Southern Pacific Resources Corp., Calgary, has completed a long-term agreement to ship bitumen by rail to the US Gulf Coast in a system it says will improve production netbacks at its STP-McKay thermal oil sands project west of Fort McMurray, Alta.

The producer says the arrangement, with the Canadian railroad CN, will increase the value of bitumen at the production site by lowering shipping costs relative to pipeline transport.

Rail shipment requires about 33% less process diluent than what is necessary to meet pipeline specifications, Southern Pacific said. And return-trip rail cars can supply the project with low-cost Gulf Coast diluent.

The arrangement also provides pricing advantages, according to a press statement.

“The Gulf Coast market for heavy crude currently trades at a premium to WTI [West Texas Intermediate], whereas Alberta-based blended bitumen and diluent products arriving by pipeline into the Cushing, Okla., region of the US are experiencing significant pricing discounts due to capacity constraints,” the statement said.

The system

Under the arrangement with CN, bitumen will be trucked 38 miles from the STP-McKay site, 28 miles northwest of Fort McMurray, to a rail terminal at Lynton. From there, rail cars will carry the material 2,800 miles over CN’s network to Natchez, Miss., for transfer into barges that will carry it down the Mississippi River to Gulf Coast refineries.

Southern Pacific expects shipments to begin in the fourth quarter this year, eventually reaching 12,000 carloads/year.

The STP-McKay project, still under development, will use steam-assisted gravity drainage to produce 12,000 b/d in an initial stage, which Southern Pacific has indicated will be expanded to 18,000 b/d (OGJ Online, May 11, 2012).
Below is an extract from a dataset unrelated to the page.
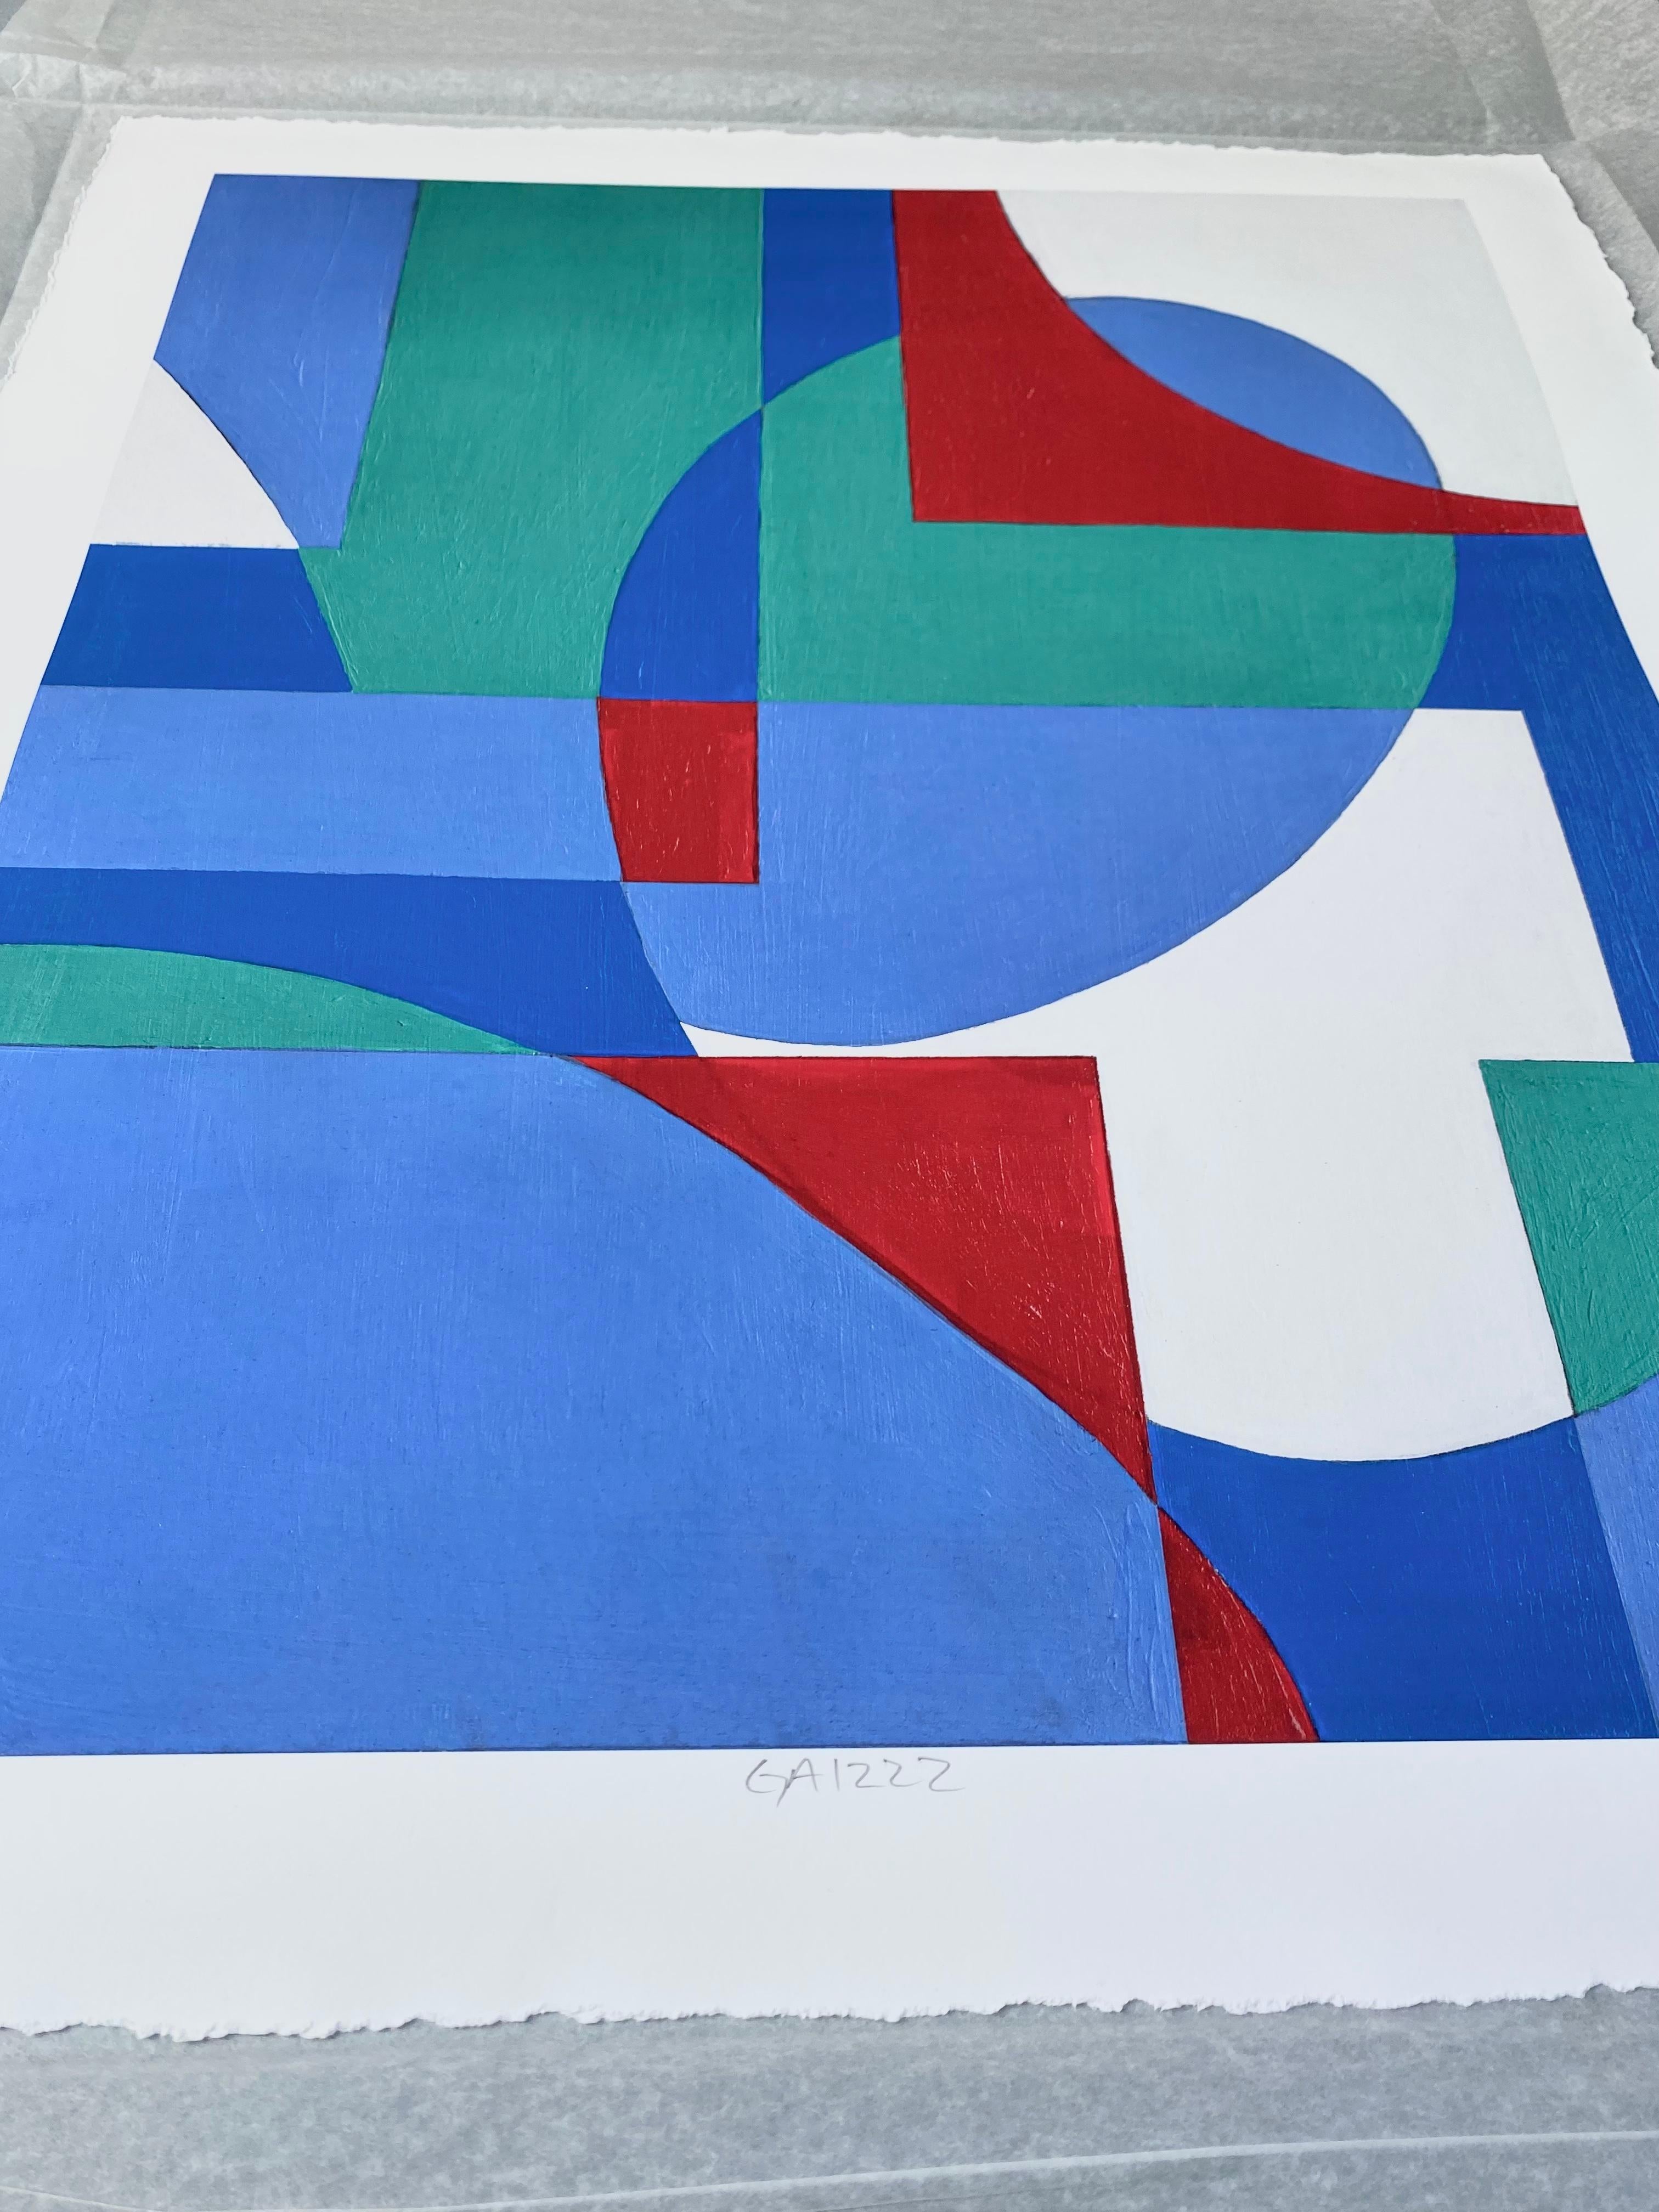 Tirage géométrique abstrait giclée signé GA1222, édition limitée 2/10 - Géométrique abstrait Print par Zach Touchon

A second phase will push output to 24,000 b/d.

The Southern Pacific-CN arrangements have an average term of 5 years with options for extension. The companies are discussing elimination of the trucking link with construction of a pipeline or rail link between the project site and Lynton terminal.

Either option would reduce diluent needs, Southern Pacific said. The arrangement gives the producer flexibility to deliver bitumen elsewhere in North America, including export terminals on the West Coast.

A CN executive said the railroad expects to move about 25,000 carloads of crude oil this year, five times the number of last year.